#### [What you will do]
Please restate word for word the lines of the entries below from the one with "Black Beauty - Fixing" to the one with "Mobile Suit Gundam: Hathaway", inclusive, and leave out every picture.

#### [Data listing]
■ ■ ■ ■ ■ ■ ■
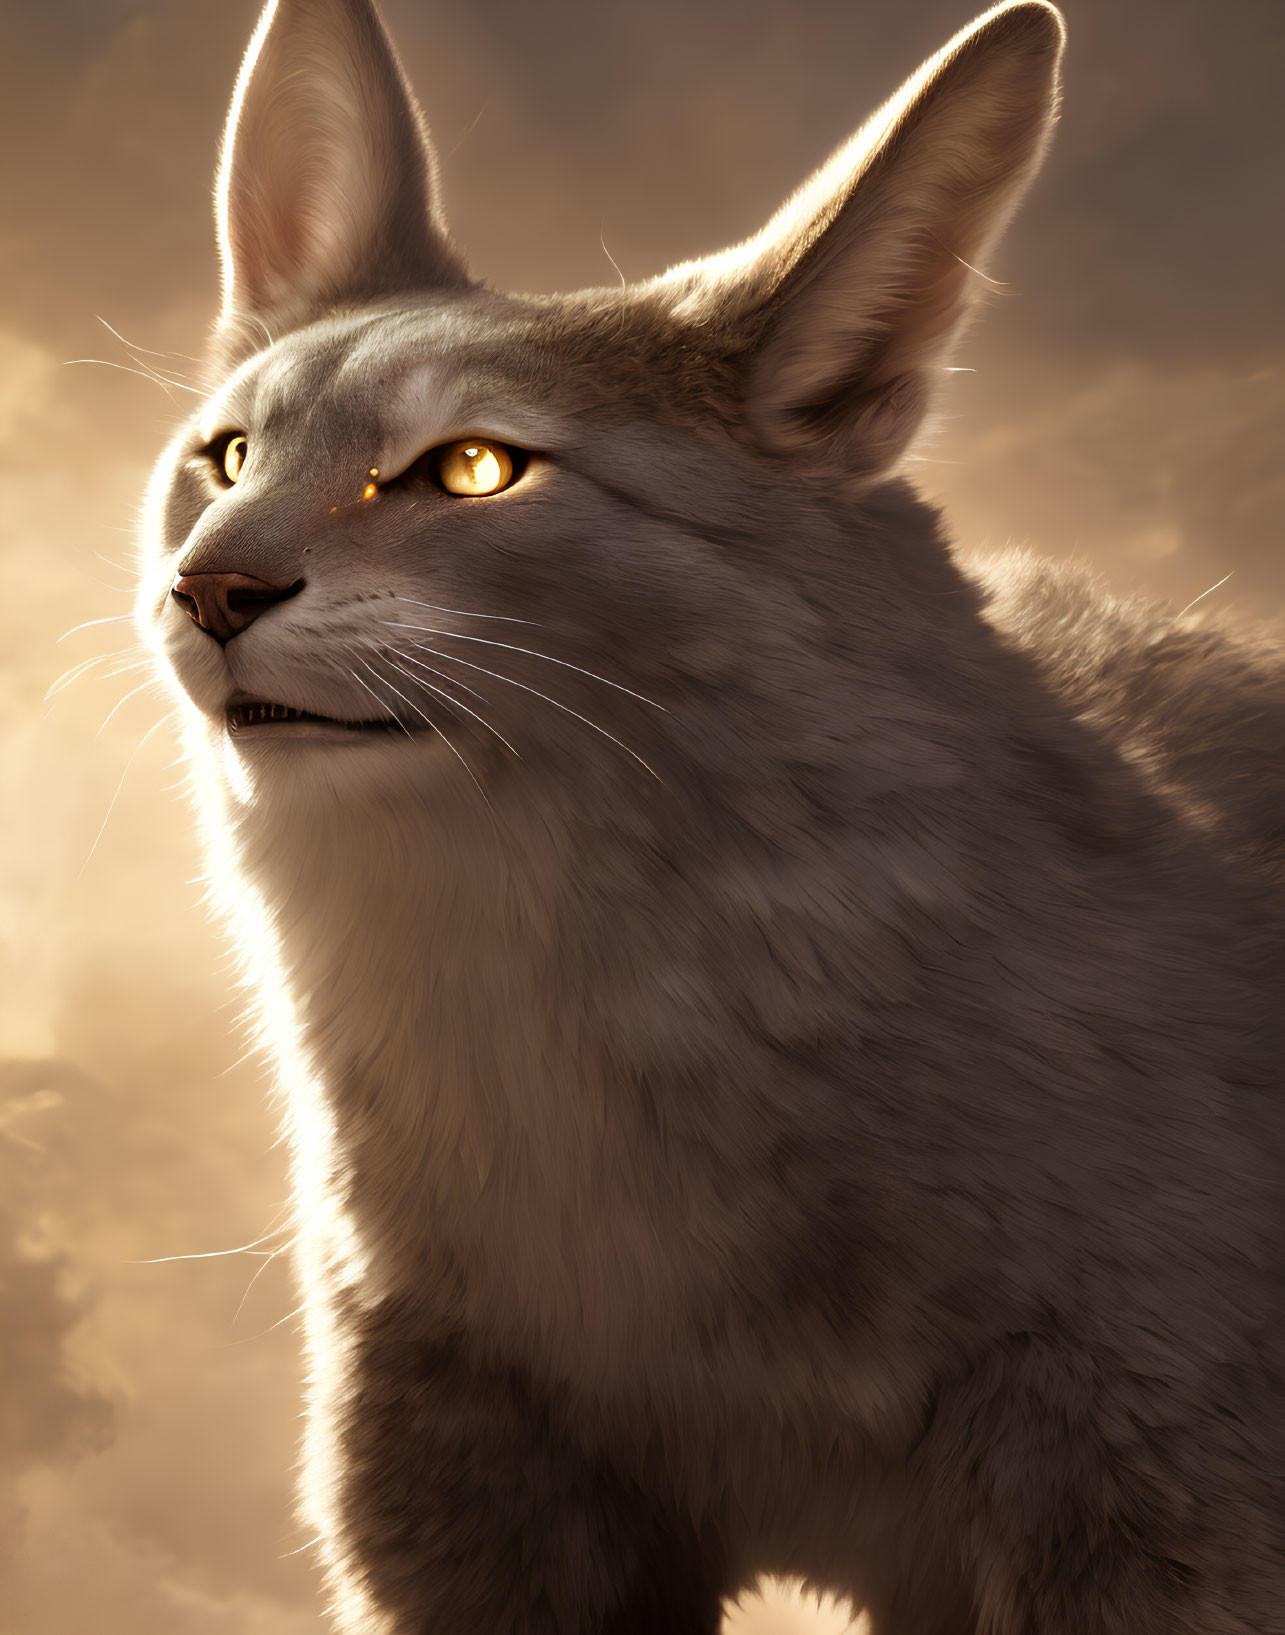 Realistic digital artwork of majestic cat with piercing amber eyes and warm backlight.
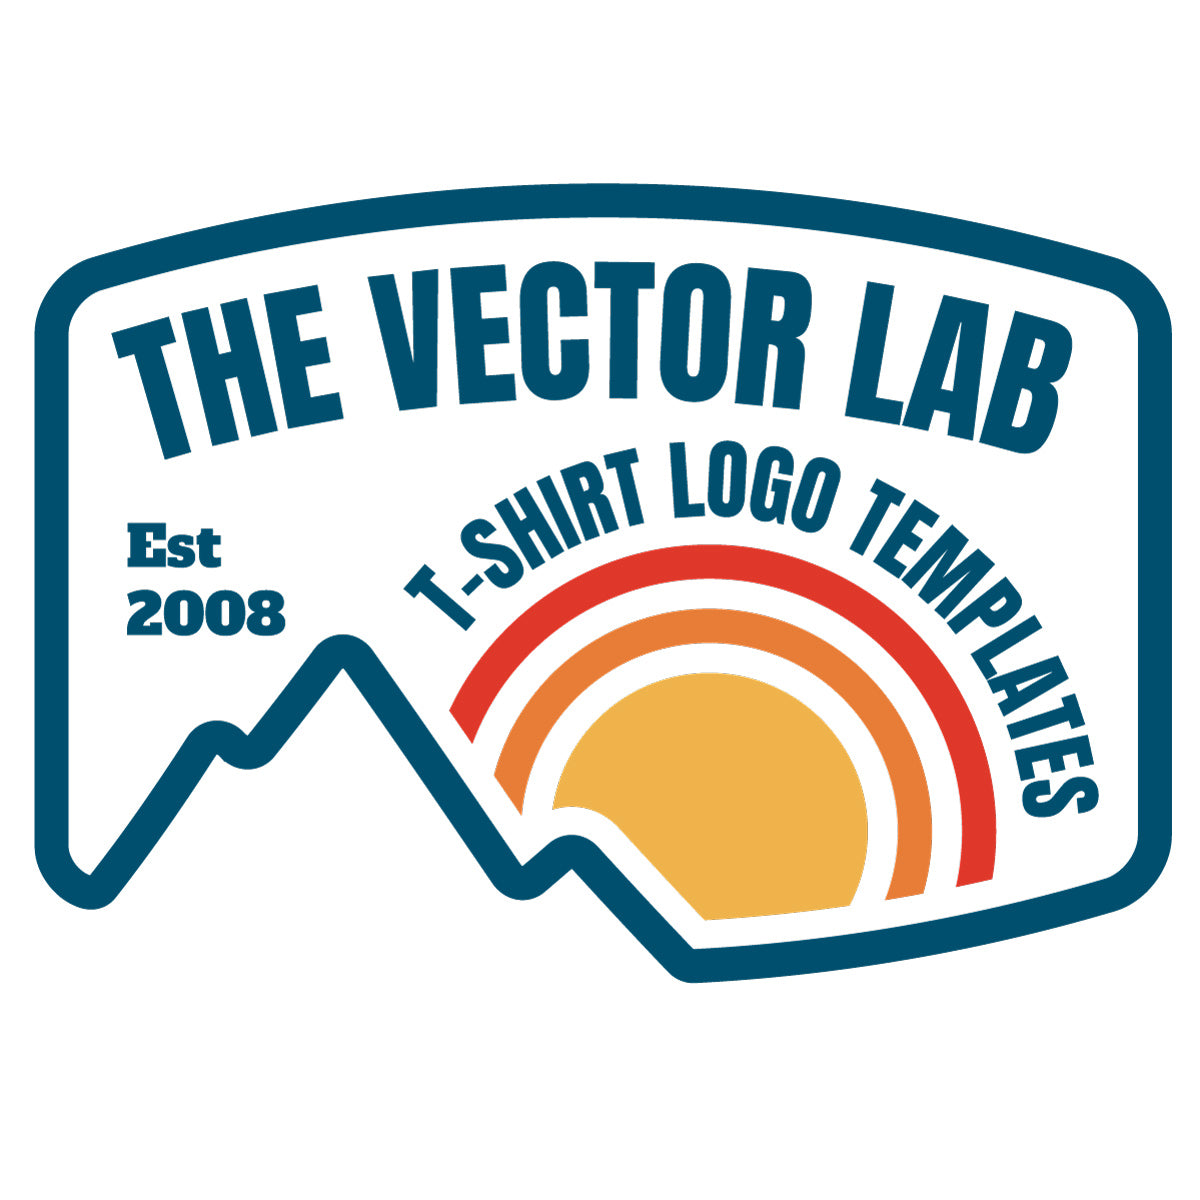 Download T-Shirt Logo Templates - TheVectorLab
■ ■ ■ ■ ■ ■ ■
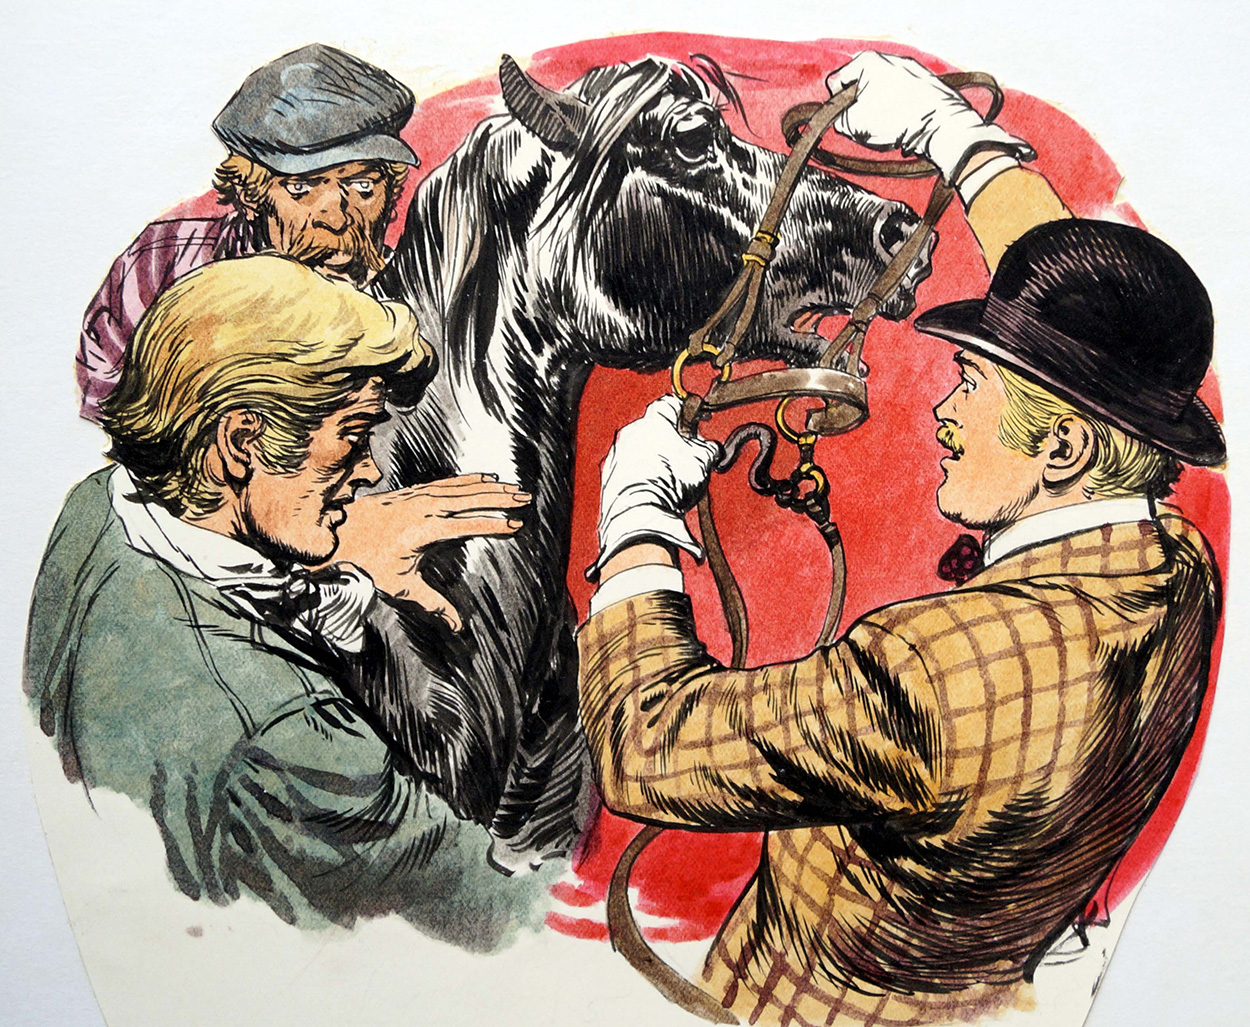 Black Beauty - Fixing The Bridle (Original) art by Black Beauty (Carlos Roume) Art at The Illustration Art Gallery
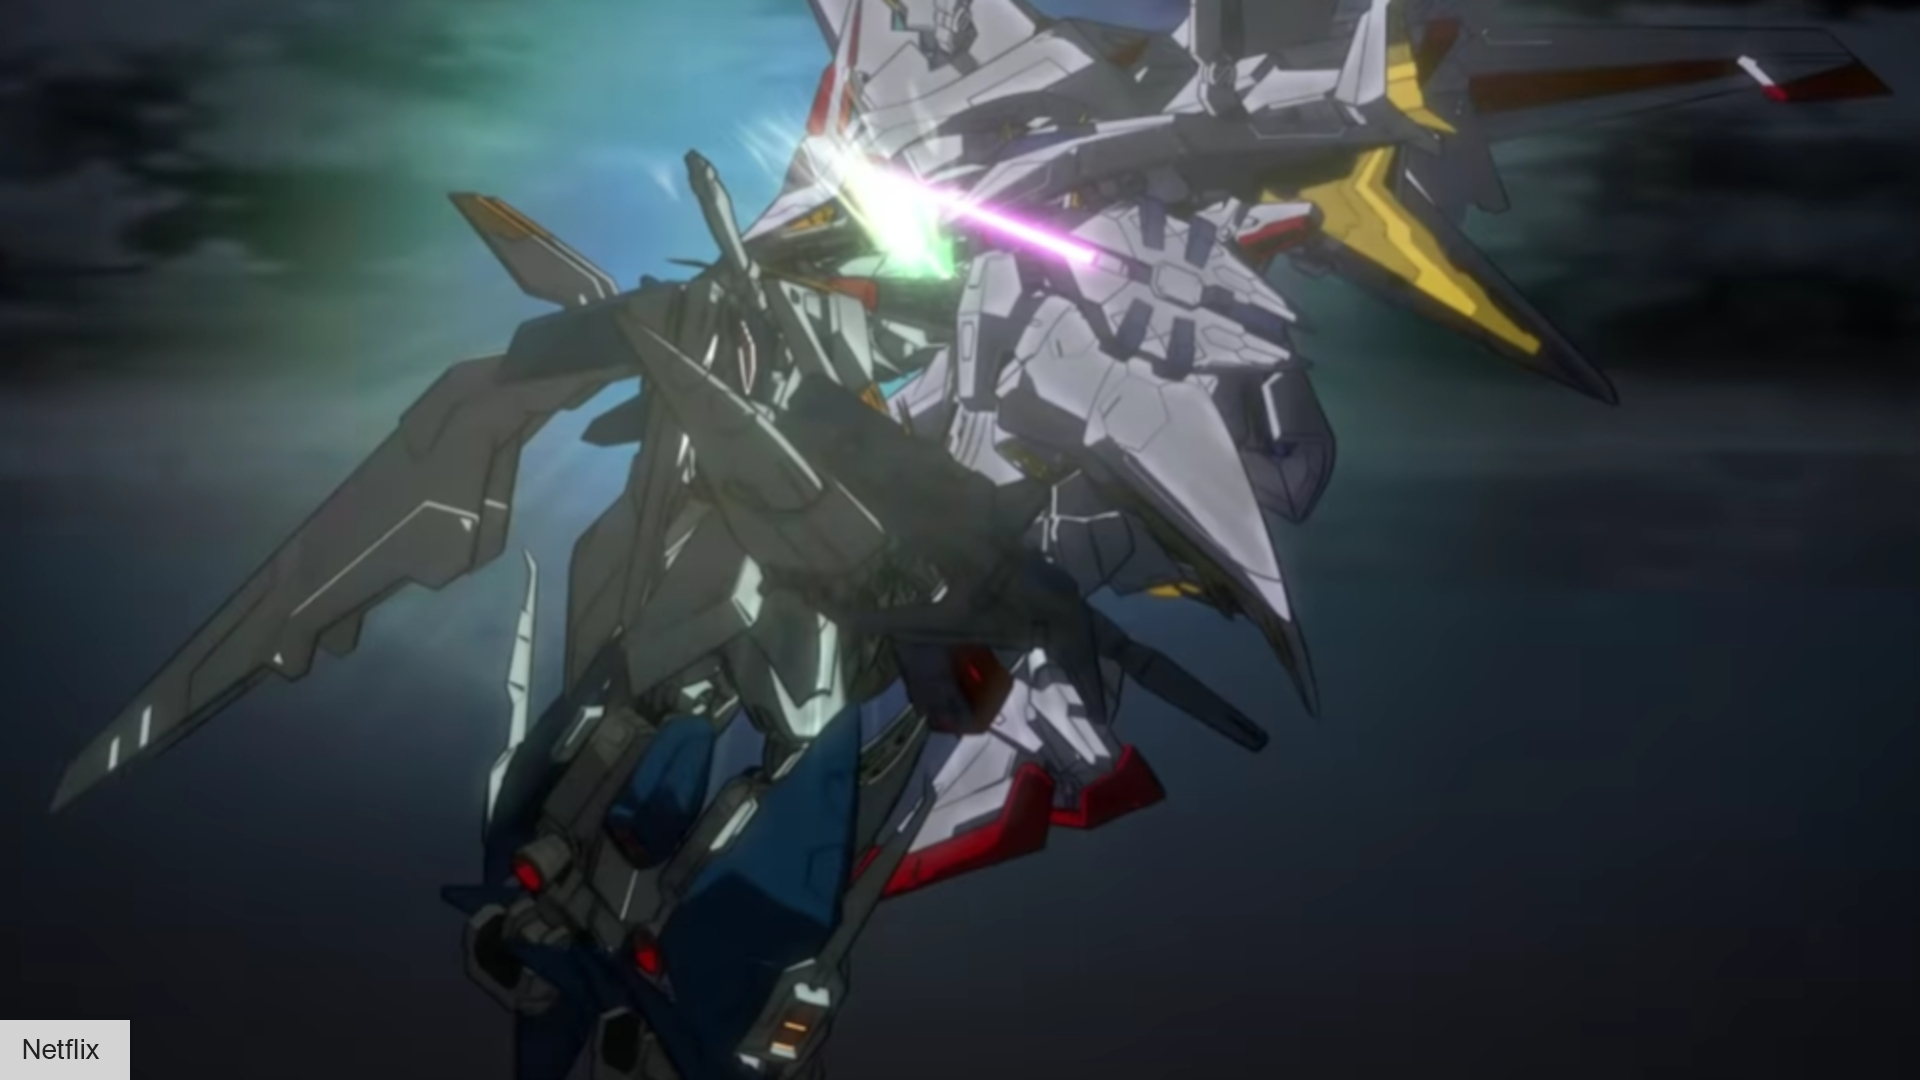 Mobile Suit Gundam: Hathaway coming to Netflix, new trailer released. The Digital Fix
■ ■ ■ ■ ■ ■ ■
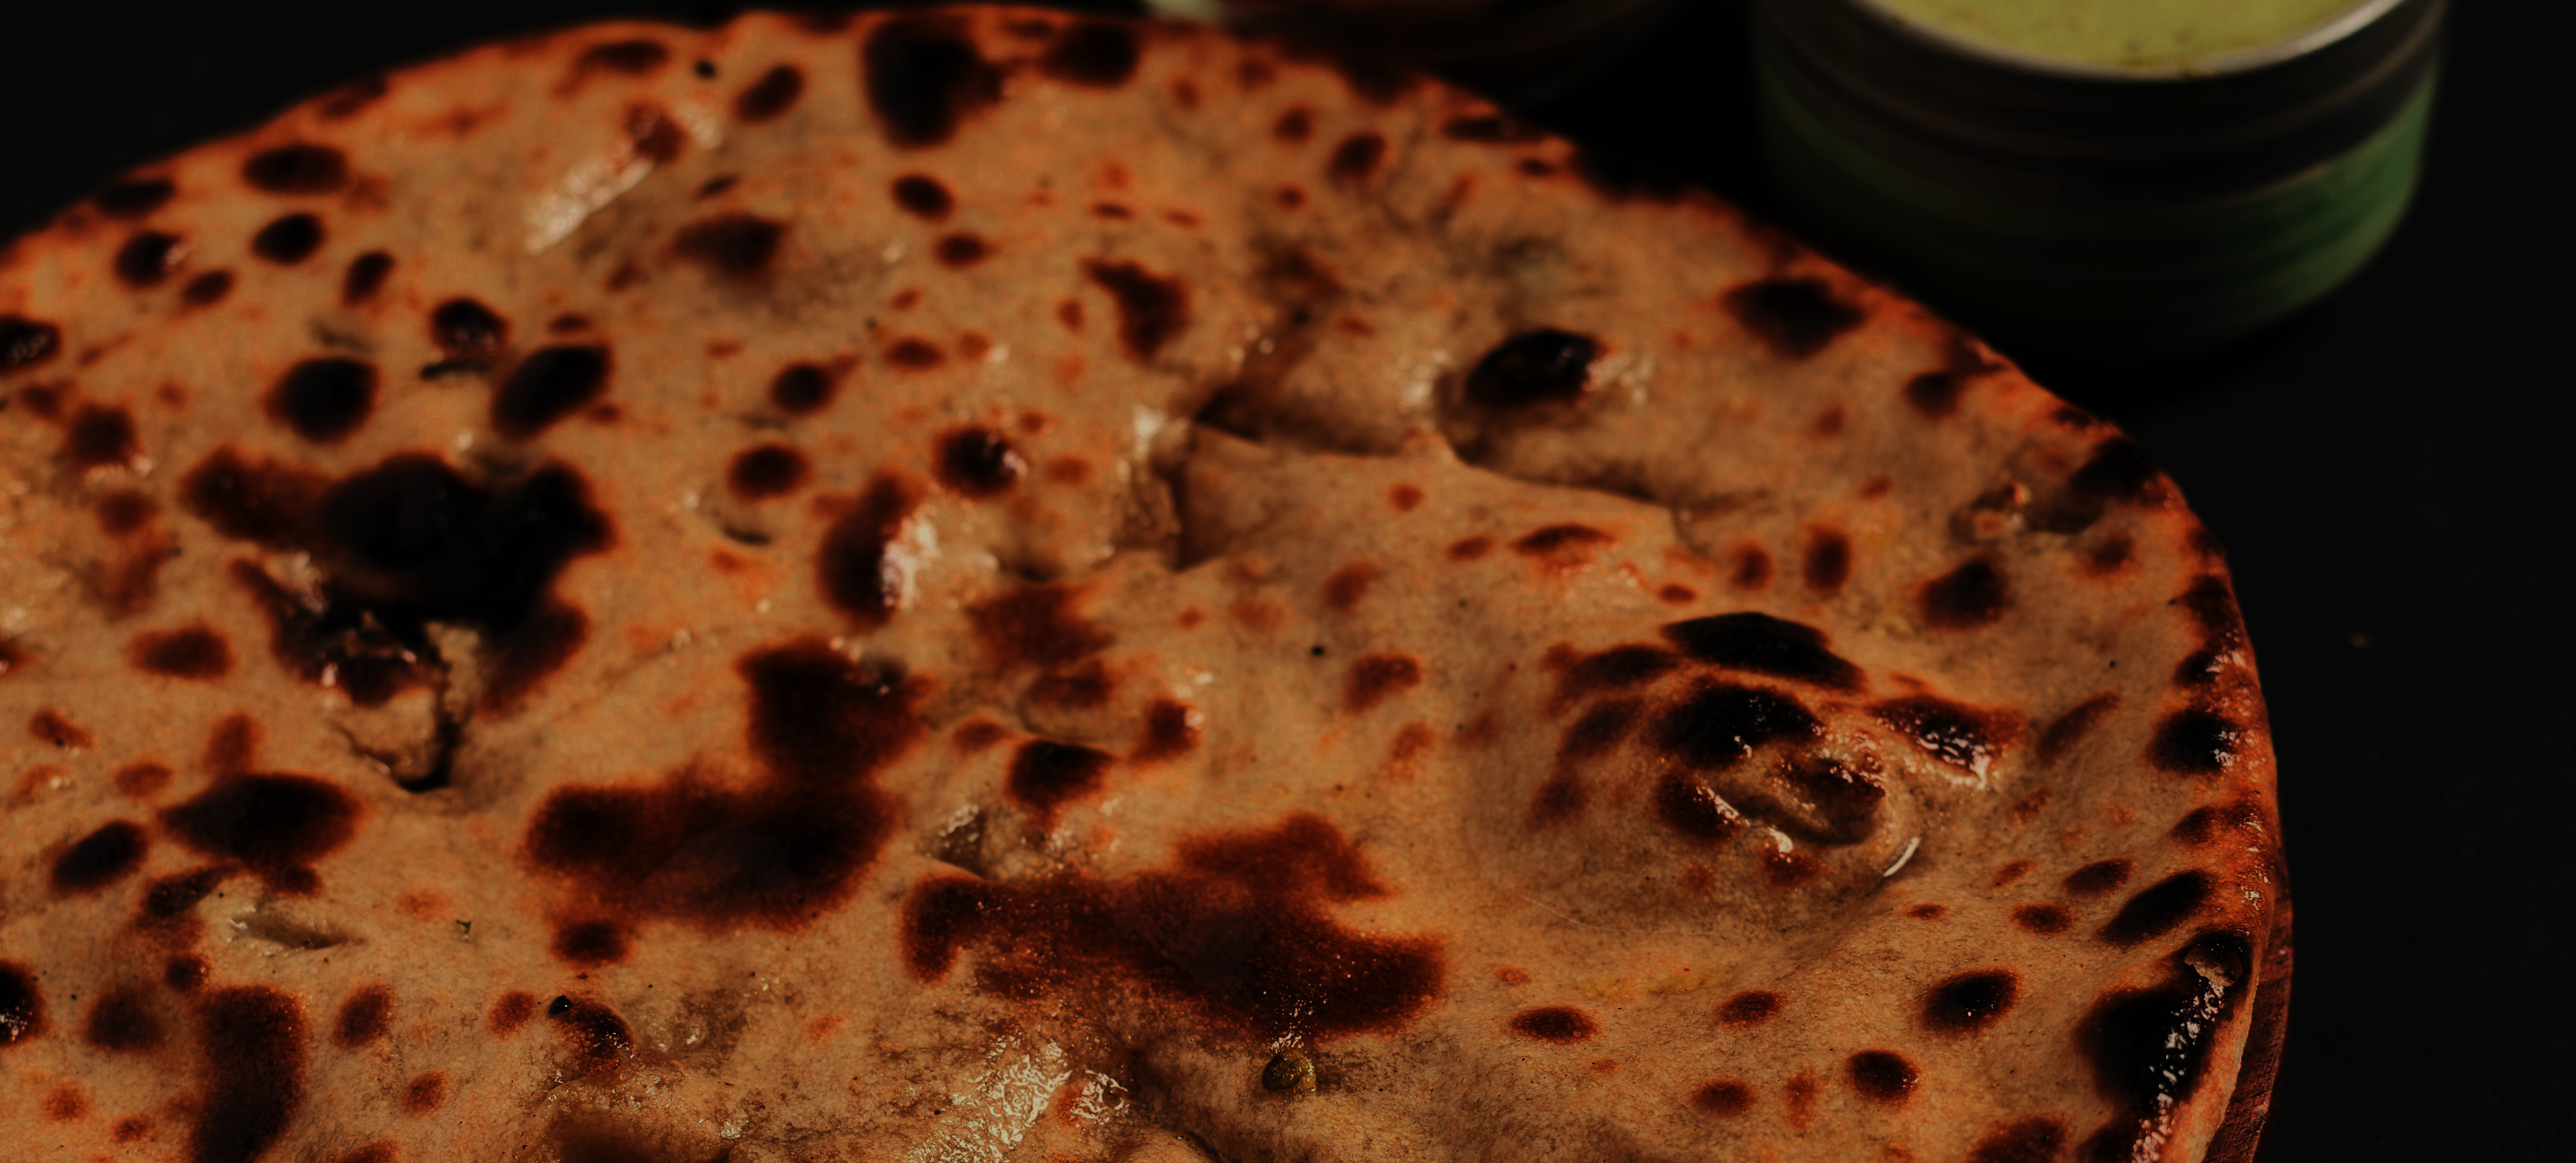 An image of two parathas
■ ■ ■ ■ ■ ■ ■
#### [Response below]
 Black Beauty - Fixing The Bridle (Original) art by Black Beauty (Carlos Roume) Art at The Illustration Art Gallery
 Mobile Suit Gundam: Hathaway coming to Netflix, new trailer released. The Digital Fix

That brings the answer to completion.